IBM And Sony Form Linux Alliance
An anonymous reader writes "CNN is reporting that IBM, Sony, and Philips are creating a Linux adoption group. Called the 'Open Invention Network', it is intended to protect vendors and customers from patent royalty fees while using OSS." From the article: "Patents owned by OIN will be available without payment of royalties to any company, institution or individual that agrees not to assert its patents against others who have signed a license with OIN, when using certain Linux-related software. Traditionally, patents have been pursued for two primary reasons -- to defend one's own intellectual property or for barter to trade in cross-licensing agreements to gain access to other companies' patents. OIN represents a new form of cross-licensing that its backers say could spur innovation. "
This certainly seems like a good idea, but am I the only one that thinks that seeing Sony in this list is rather out of character, especially given Sony's recent actions?
"-1 Troll" is the apparently the same as "-1 I disagree with you."
interesting... so how much is a license and are we protected against license costs in the future?
""Patents owned by OIN will be available without payment of royalties to any company, institution or individual that agrees not to assert its patents against others who have signed a license with OIN"
The idea of an anti-patent patent trust is as old as the hills, but to see this much corporate clout behind it was unthinkable not five years ago. It feels like there's been a sea-change and I like it. More important than helping IBM and Sony fight Microsoft, if this idea gained momentum it could seriously roll back a lot of the current technical stagnation on account of software/algorithm patents.
Color me cautiously hopeful.
--Ryv
These three companies make their money in services and hardware-- ie. not software. I can't possibly imagine Microsoft joining given this. It would be like Microsoft and Oracle starting a group which would give out free hardware, and use the Open source community for free services (obviously hard to do). These hardware and service companies would want nothing to do with it.
what would happen if sony (or any other company, sony just taken by example) suddenly decides it was a bad idea to begin with and leaves this organisation?
will they be able to sue all the projects that made use of sony patents or will the patents used during the period a company was member stay 'free of use'?
On a long enough timeline, the survival rate for everyone drops to zero.

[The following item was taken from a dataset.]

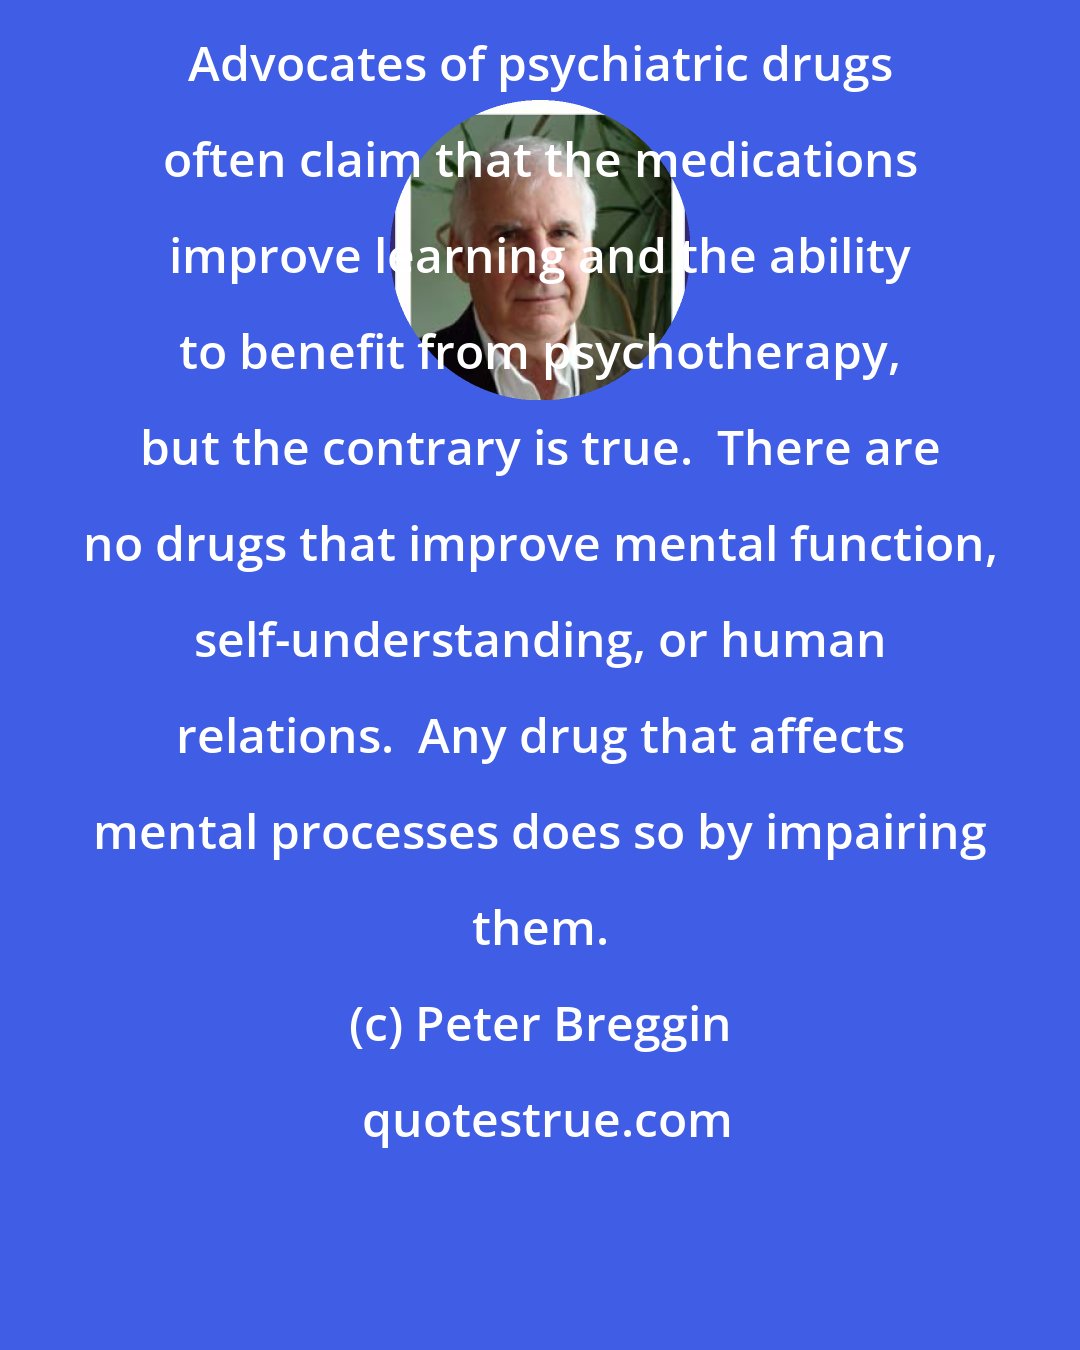 Peter Breggin: Advocates of psychiatric drugs often claim that the medications improve learning and the ability to benefit from psychotherapy, but the contrary is true.  There are no drugs that improve mental function, self-understanding, or human relations.  Any drug that affects mental processes does so by impairing them.

Content sony only cares about pushing its wares but so does hardware sony. Hardware sony does not want people to not buy their hardware because it is to crippled while content sony does not want people to use their hardware to duplicate their content.

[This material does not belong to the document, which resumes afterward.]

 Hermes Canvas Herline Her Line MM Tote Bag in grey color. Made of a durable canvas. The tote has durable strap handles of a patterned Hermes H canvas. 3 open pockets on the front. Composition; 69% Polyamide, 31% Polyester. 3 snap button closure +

Then you got japan sony coming from a slightly different culture then the american "lets sue" sony.
But what I think is at the heart of this is the Sony that does not want to be owned by Microsoft. While the internet tv might not have happened I am sure there are people at sony that would dearly love the idea of them producing the "next pc". It is the only possibly explanation for Linux on the playstation sold by sony itself. They can't make a single cent profit on it. So why do it if not for learning wether it can be done?
Might it someday be possible to buy in the store a non-ms computer? Worse perhaps a computer that is not like today's pc's at all but far closer to say, oh a mobile phone?
MS has really screwed over every single company it has dealt with and the IBM Sony's of this world would dearly like to see a future were MS can't dictate so many terms.
It is basic economy. When your supplier controls you you are not in control. At the moment it is MS that control the PC and PC makers like sony don't like that.
So it is not out of character at all. Sony is just trying to get maximum profit. MS being toned down a bit means that sony can better dictate the terms, the terms probably being "we want more cash".
Simple really.
MMO Quests are like orgasms:
You may solo them, I prefer them in a group.
"having nothing to do with someone because their brother did something you don't like" sounds like a recipe for a long term feud if the people are popular enough.
After a few centuries, the people "having nothing to do with someone" are long dead but the feud remains. I know that the French are still around but for the life of me I can't figure out why. And I'm originally a Quebecois, a French speaker.
Human memory runs broad, not deep. That's why I don't trust it. Its too easy to forget exactly why anything.
That's why there are all those statutes and jurisprudence and "the rule of law." This can only work if the laws are written down (not carved on your back at the whim of some blood thirsty uber-lord and his sons [for some reasons its always sons. The girls in the family really take it in the shorts.)
This is another reason a distrust anything written by Microsoft. NONE of the documents originally produced my M$ Word 1.0 are still legible. But the ones I wrote in WordPerfect can still be opened and can be read in WordPerfect. (Ahhh the advantages of a persistent [and maybe open] document file format.)